According to PANews, the US House of Representatives has officially passed the Financial Innovation and Technology Act of the 21st Century, also known as FIT 21. The proposal, led by the Republican Party, received support from many Democrats, leading to its approval.

The primary mission of the FIT 21 proposal is to define which aspects of cryptocurrency regulation fall under the jurisdiction of the Securities and Exchange Commission (SEC) and which are under the Commodity Futures Trading Commission (CFTC). In the past, the dual regulation of cryptocurrencies by both the SEC and CFTC has been a pain point in the US, with the two departments' stringent oversight and apparent competition for regulatory authority.

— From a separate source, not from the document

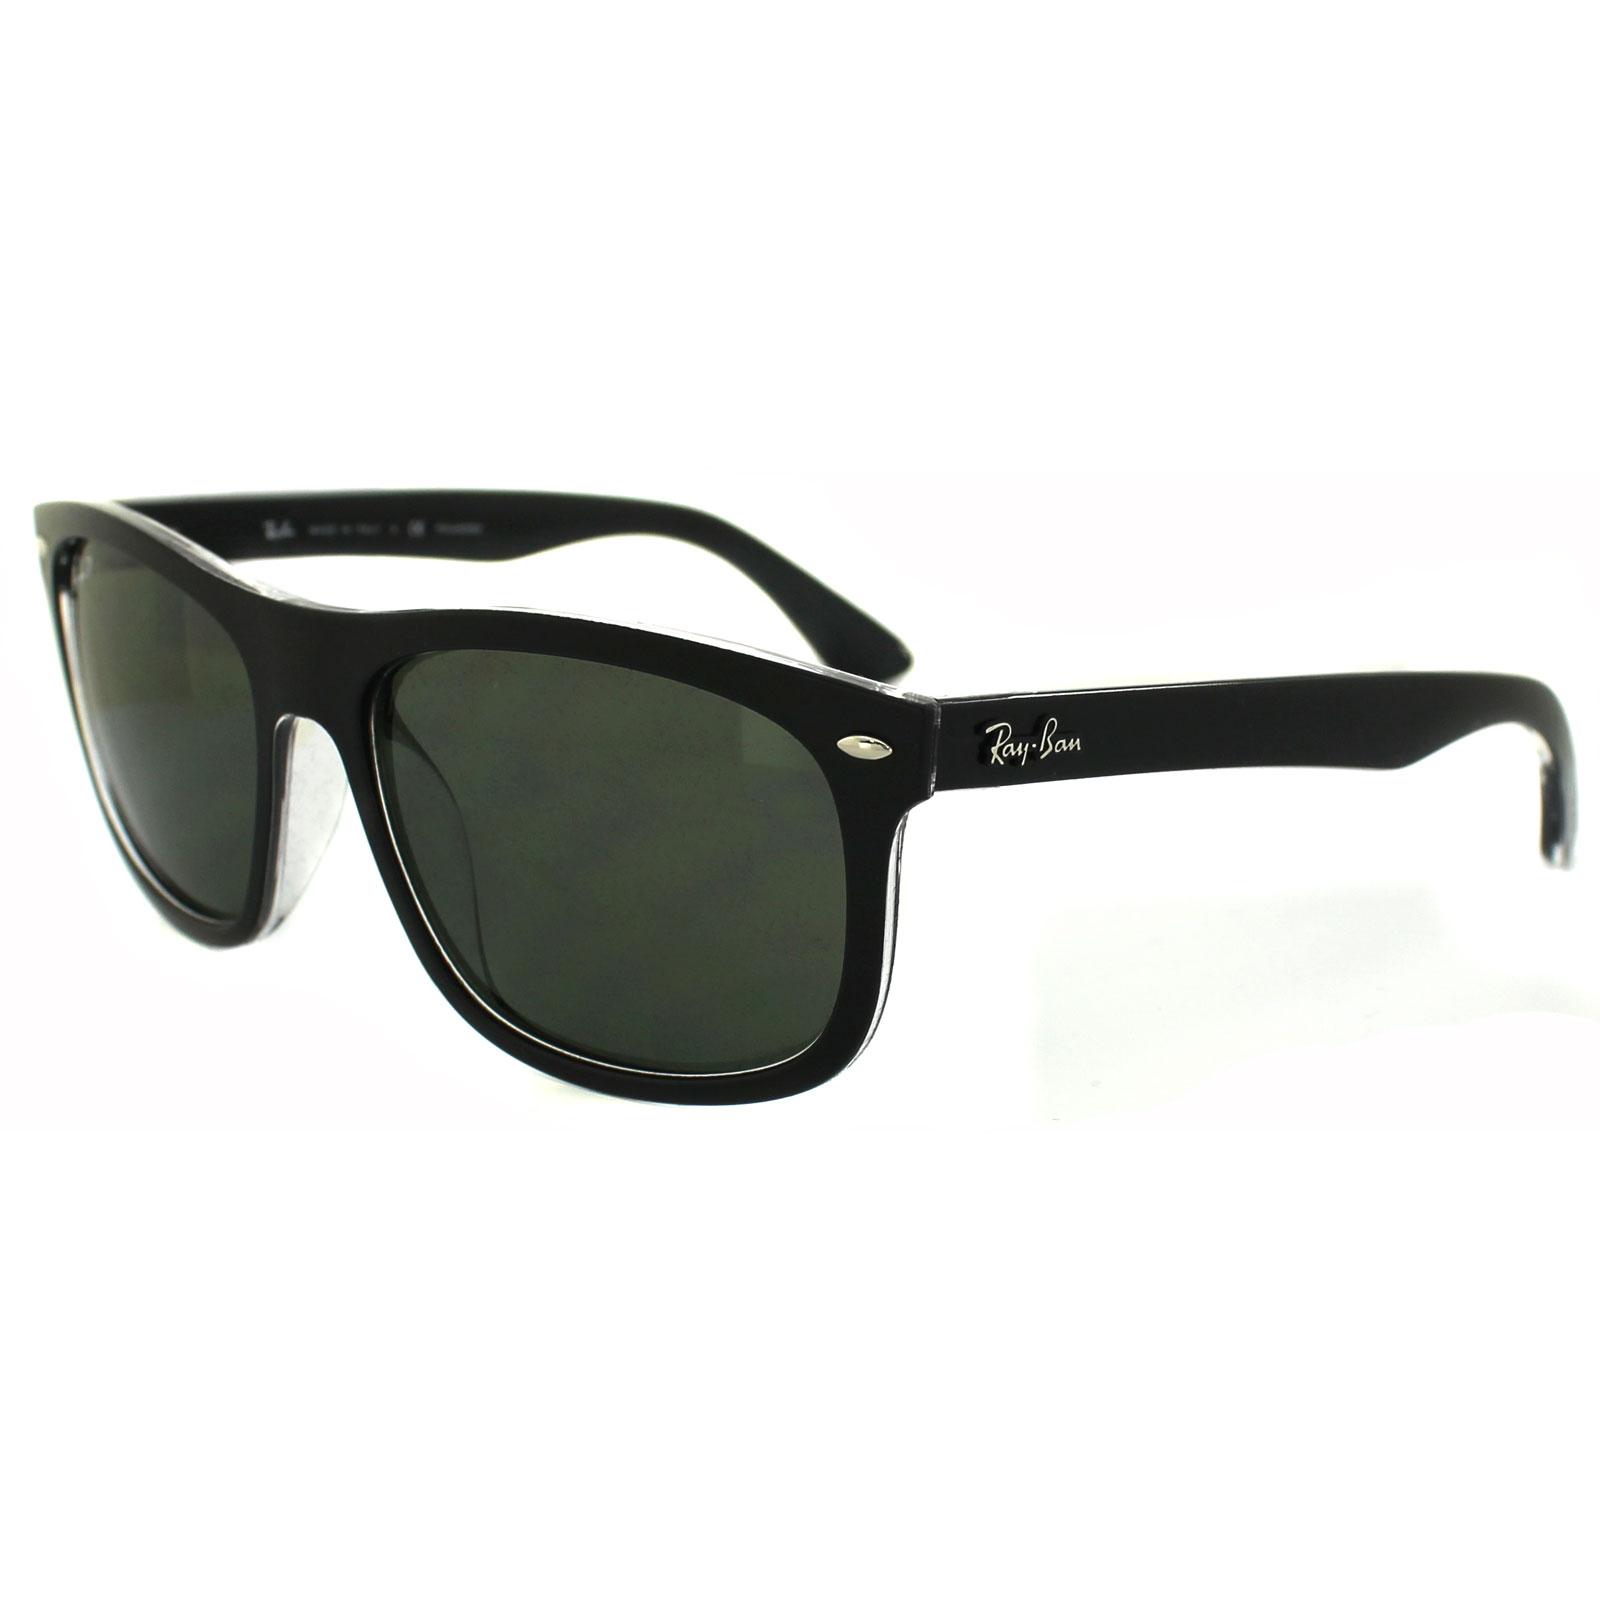 7eaad92cf8a1b Ray-Ban Sunglasses 4226 60529A Black Green Polarized 8053672453959 ...

This development is a relief for many project parties. The SEC, with its 5,000 employees, is known for stricter management, while the CFTC, with only 700 employees, is seen as more lenient. Project parties would prefer to be classified as commodities rather than securities.

The FIT 21 proposal suggests that the classification should be based on whether the project party has direct control and whether the project party holds tokens/voting rights exceeding 20%. This approach could encourage project parties to move towards decentralization.

Many current projects claim to follow a three-step process: starting with centralization, introducing community governance in the growth phase, and finally achieving complete decentralization. However, many projects remain in the first phase. If the FIT 21 proposal is fully approved, it could potentially stimulate the development of meaningful decentralized applications.

The bill has passed the House of Representatives and is now awaiting the Senate's decision. The White House has not shown favor towards the proposal, but President Biden has not directly vetoed it. The chairman of the SEC also disagrees with the proposal.

The FIT 21 proposal also includes some noteworthy details. For instance, it suggests that as a commodity, public fundraising can be conducted with a few requirements: a valuation below $75 million and retail participation less than 10%. The proposal also emphasizes the opportunity for the next generation of the internet to be designed by Americans.